As our new pharma automation project engineer you will be part of a large team of automation engineers in project execution.
Your main responsibility within our pharma automation group in Soeborg, are working closely towards ensuring a high-quality and state-of-the art automation packages and software.
You will be executing projects for our pharma process plants with the following tasks and responsibilities:
Project Activities & Coordination
- Responsible person for QA documentation and procedures in the automation execution Pharma group
- Ensure that Functional Design Specification (FDS) is available/created by the design leads on the project
- Prepare documentation and make sure that Factory Acceptance Test (FAT) for both Hardware (MCC’s) and Software (PLC code) is carried out according to project specifications
- Perform Automation documentation
- Perform Quality documentation of control system.
Automation tasks
- Automation package according to FDS (Functional Design Specification) within deadlines for the project to which the Automation Engineer has been assigned.
- Execute within the man-hours estimated in the project budget and report diligently on progress to Project Manager / Automation
Lead on the project.
- Request a budget change to the Project Manager and/or Automation Lead if a change to the allocated hours is required.
- Support project engineers and design engineers in creating FDSs for their particular area of responsibility.
- Collate and create specification for hardware requirements.
- Handover of required hardware specification to the hardware group.
- Purchasing of software automation package.
- Support specification and procurement of hardware, e.g. server solutions and operator stations.
- Report progress etc. to Automation Lead and/or Project Manager.

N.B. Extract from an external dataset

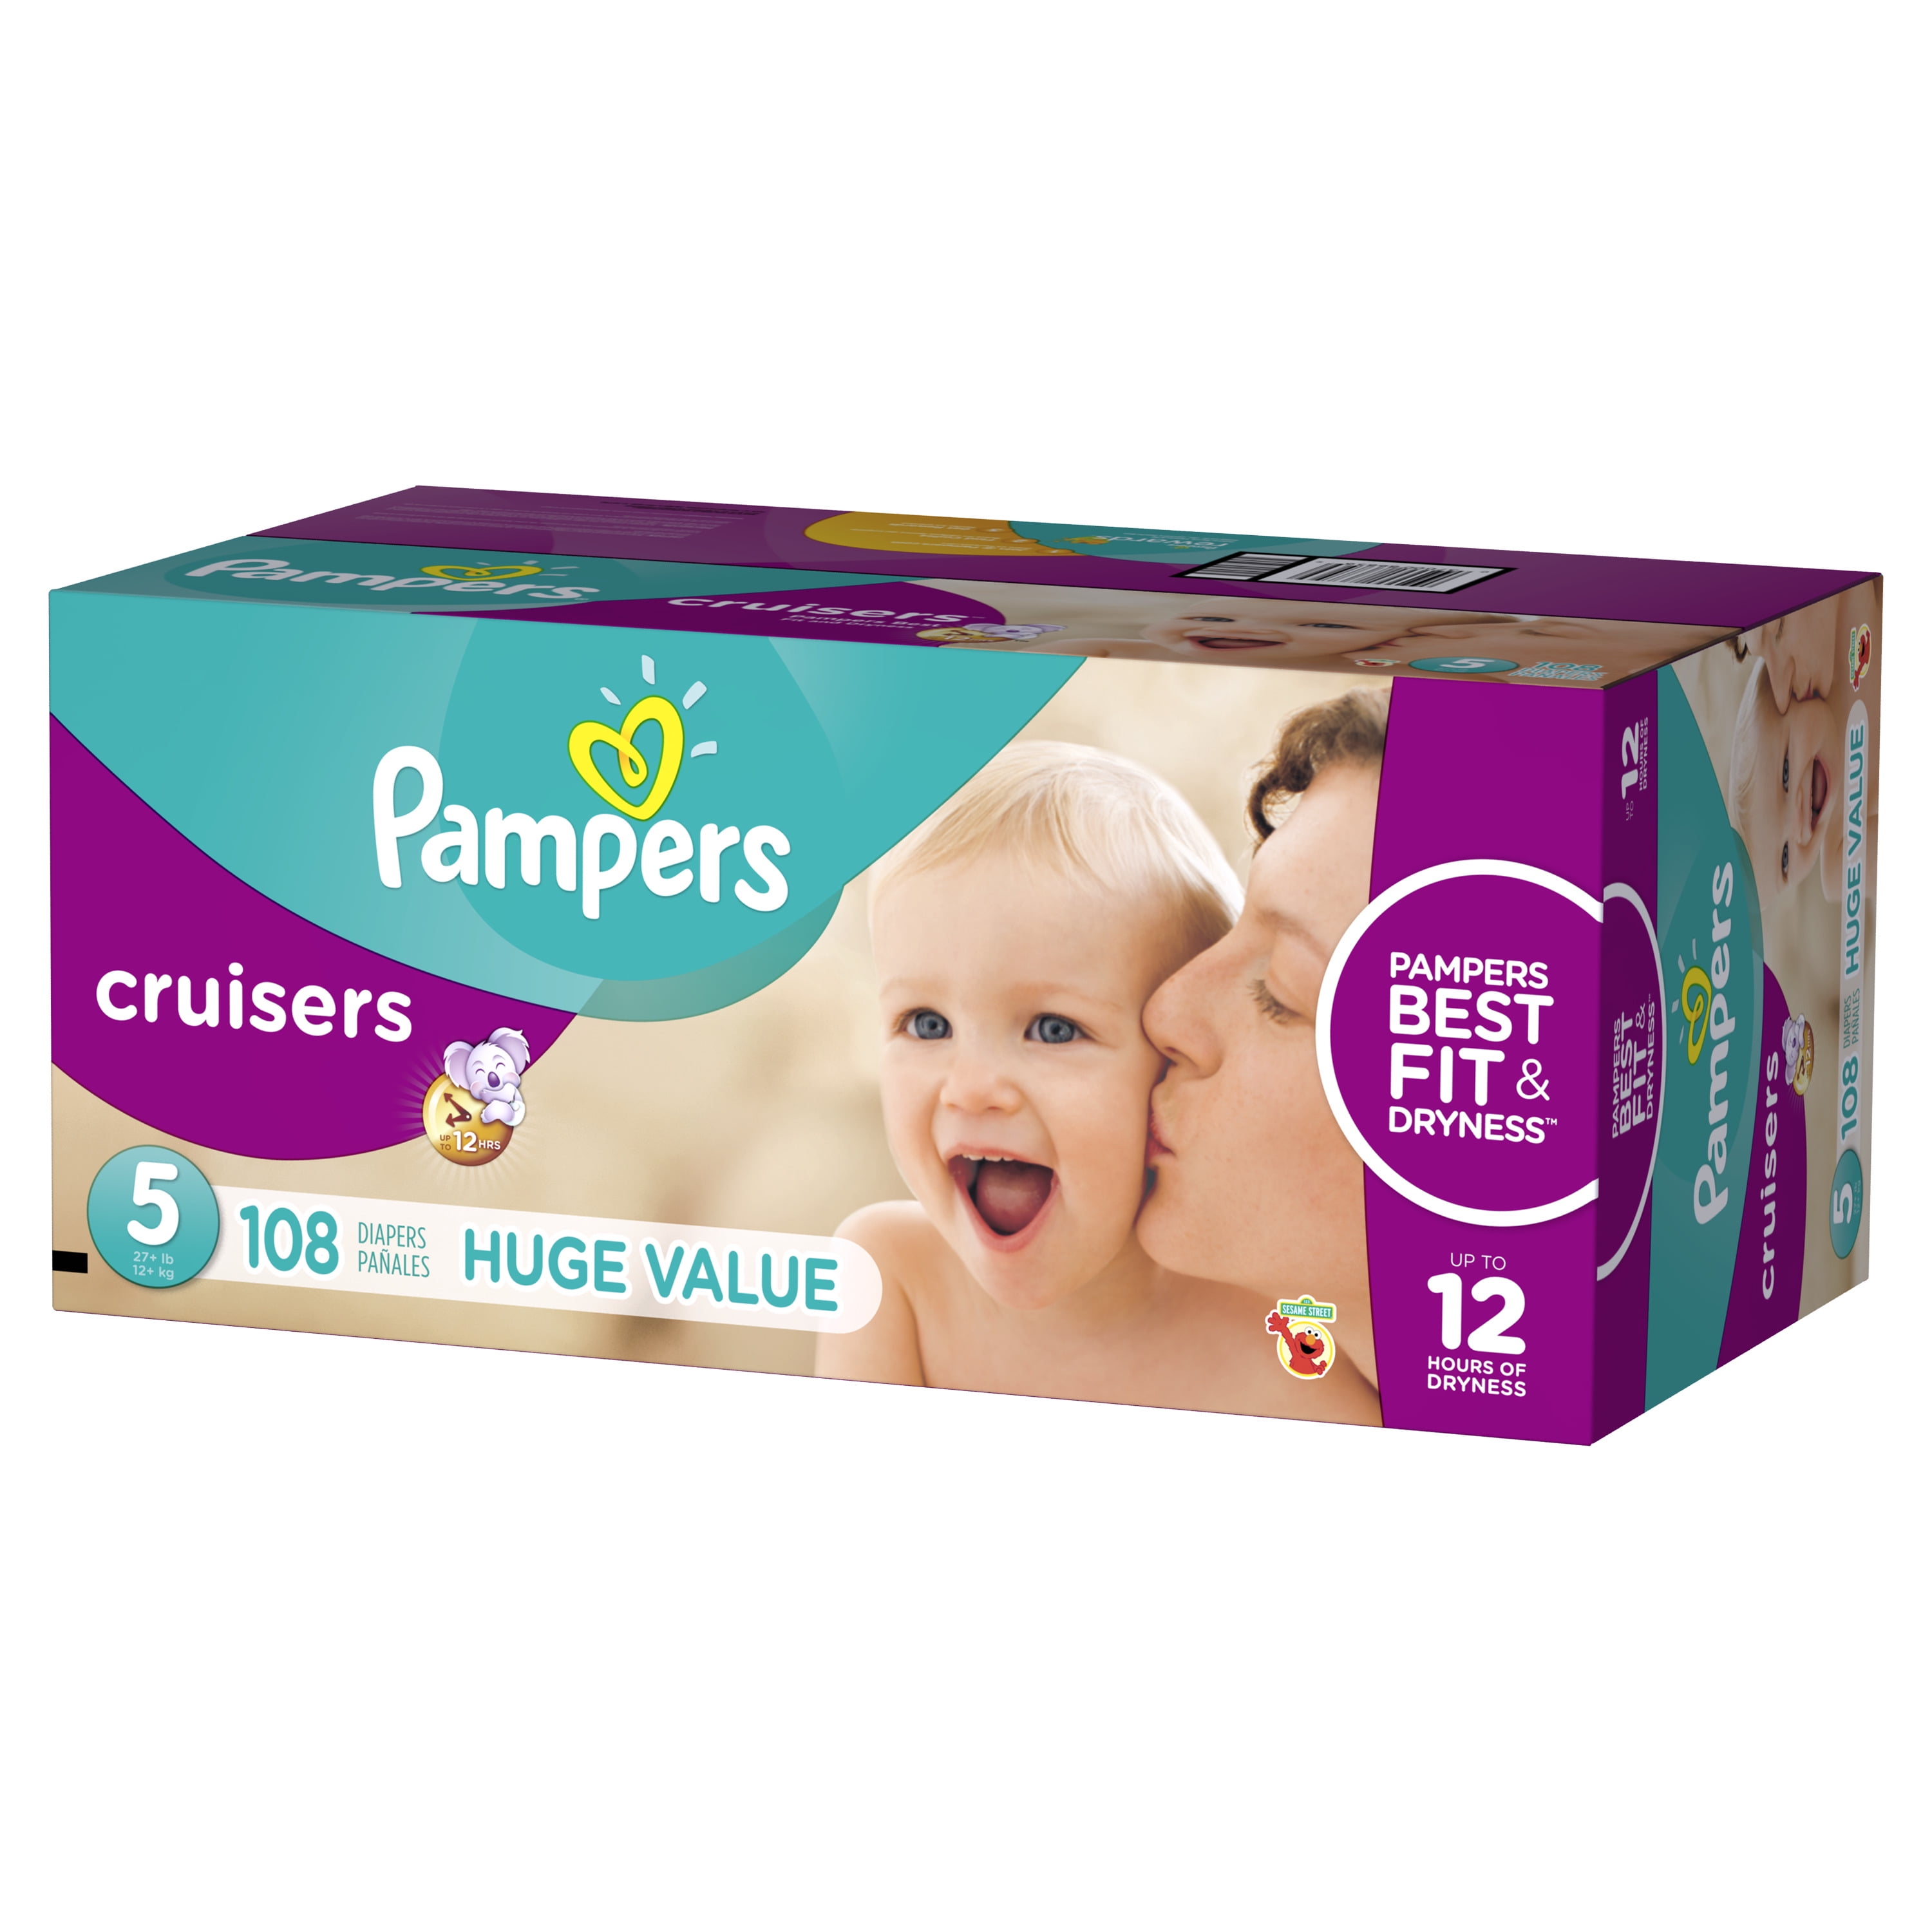 Pampers Cruisers Diapers Size 5 108

- Assist in troubleshooting and optimization etc., on-site or remote support.
Schedules & Budget
- Deadlines are met for automation execution activity milestones as, Quality documentation, Software programming & FAT
- Making sure budgets are met and not exceeded in cooperation with the project manager
Standards & Alignment
- GxP/GMP know-how on high level for support in the Automation execution Pharma group
- Align large-scale intercompany projects with customer & GEA standards, e.g. ISA 88 and tagging.
- Ensure compliance with Pharma regulations, quality and protocols.
FAT & Site Execution
- Perform Hardware Factory Acceptance Test (FAT) by testing of panels before site, according to project plan
- Perform Software Factory Acceptance Test (FAT) by testing PLC code and HMI before site, according to project plan
- Perform support of Quality documentation for as, I/O-test, Commissioning & Site Acceptance Test (SAT)
Profile And Qualifications
We preferably see a candidate with several years of experience in automation solutions for the process industry.
You have a relevant education in the industry, for example as an electrical engineer or other software or automation diploma.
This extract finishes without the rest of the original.